Department of Human Genetics, Graduate School of Medicine, The University of Tokyo, Tokyo, Japan.
Genome Medical Science Project, National Center for Global Health and Medicine, Tokyo, Japan.
Hum Genet. 2021 Aug;140(8):1201-1216. doi: 10.1007/s00439-021-02291-2. Epub 2021 May 12.
Intermediate-sized insertions are one of the structural variants contributing to genome diversity. However, due to technical difficulties in identifying them, their importance in disease pathogenicity and gene expression regulation remains unclear. We used whole-genome sequencing data of 174 Japanese samples to characterize intermediate-sized insertions using a highly-accurate insertion calling method (IMSindel software and joint-call recovery) and obtained a catalogue of 4254 insertions. We constructed an imputation panel comprising of insertions and SNVs from all samples, and conducted imputation of intermediate-sized insertions for 82 publicly-available Japanese samples. Positive Predictive Value of imputation, evaluated using Nanopore long-read sequencing data, was 97%. Subsequent eQTL analysis predicted 128 (~ 3.0%) insertions as causative for gene expression level changes. Enrichment analysis of causal insertions for genome regulatory elements showed significant associations with CTCF-binding sites, super-enhancers, and promoters. Among 17 causal insertions found in the same causal set with GWAS hits, there were insertions associated with changes in expression of cancer-related genes such as BRCA1, ZNF222, and ABCB10. Analysis of insertions sequences revealed that 461 insertions were short tandem duplications frequently found in early-replicating regions of genome.

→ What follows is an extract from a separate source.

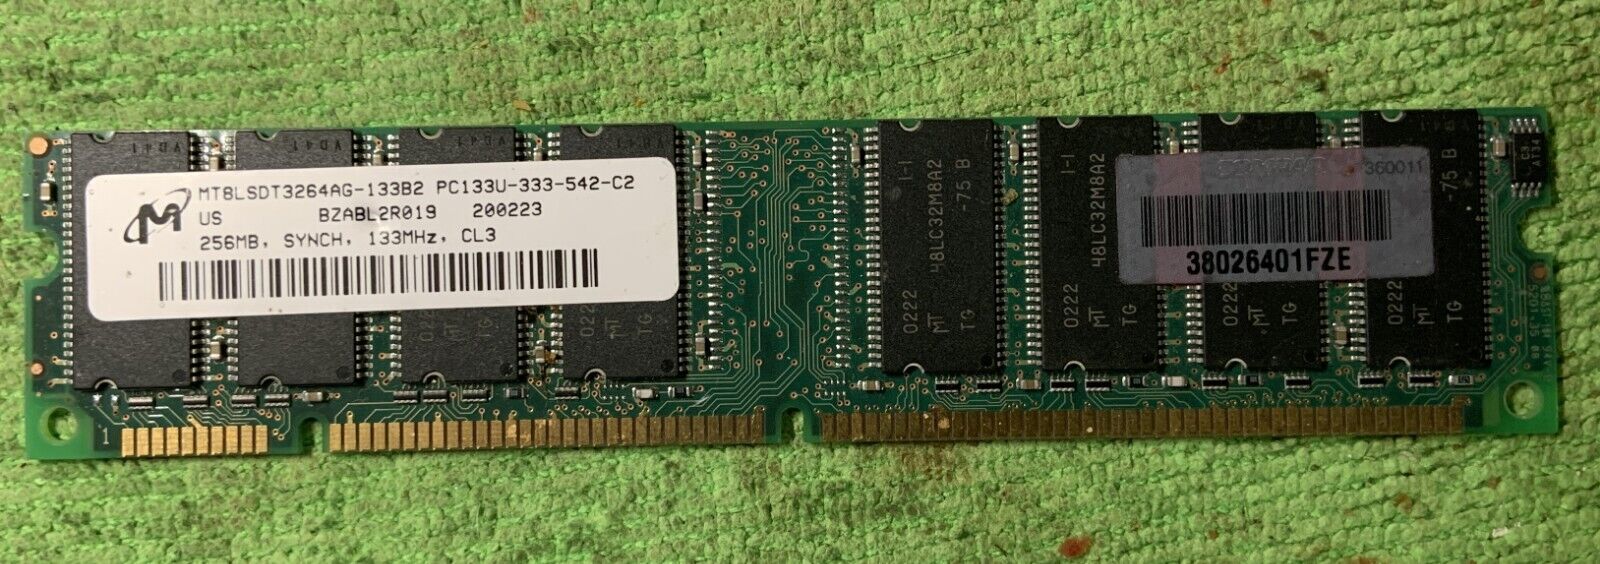 Micron 256 MB DIMM 133 MHz SDRAM Memory (MT8LSDT3264AG-133B2)

Furthermore, comparison of functional importance of intermediate-sized insertions with that of intermediate-sized deletions detected in the same sample set in our previous study showed that insertions were more frequent in genic regions, and proportion of functional candidates was smaller in insertions. Here, we characterize a high-confidence set of intermediate-sized insertions and indicate their importance in gene expression regulation. Our results emphasize the importance of considering intermediate-sized insertions in trait association studies.
中等大小的插入是导致基因组多样性的结构变异之一。然而,由于识别它们的技术困难,它们在疾病发病机制和基因表达调控中的重要性仍不清楚。我们使用 174 个日本样本的全基因组测序数据,使用高度准确的插入调用方法(IMSindel 软件和联合调用恢复)来对中等大小的插入进行特征描述,获得了 4254 个插入的目录。我们构建了一个包含所有样本插入和 SNV 的插补面板,并对 82 个公开的日本样本进行了中等大小插入的插补。使用纳米孔长读测序数据评估的插补阳性预测值为 97%。随后的 eQTL 分析预测了 128 个(~3.0%)插入是导致基因表达水平变化的原因。对基因组调控元件的因果插入进行富集分析显示,与 CTCF 结合位点、超级增强子和启动子显著相关。在与 GWAS 命中相同因果集发现的 17 个因果插入中,有与癌症相关基因如 BRCA1、ZNF222 和 ABCB10 表达变化相关的插入。对插入序列的分析表明,461 个插入是短串联重复序列,经常出现在基因组早期复制区域。此外,与我们之前在同一样本集中检测到的中等大小缺失相比,对中等大小插入的功能重要性进行分析表明,插入更频繁地发生在基因区域,并且插入的功能候选比例更小。在这里,我们描述了一组高可信度的中等大小插入,并指出了它们在基因表达调控中的重要性。我们的研究结果强调了在性状关联研究中考虑中等大小插入的重要性。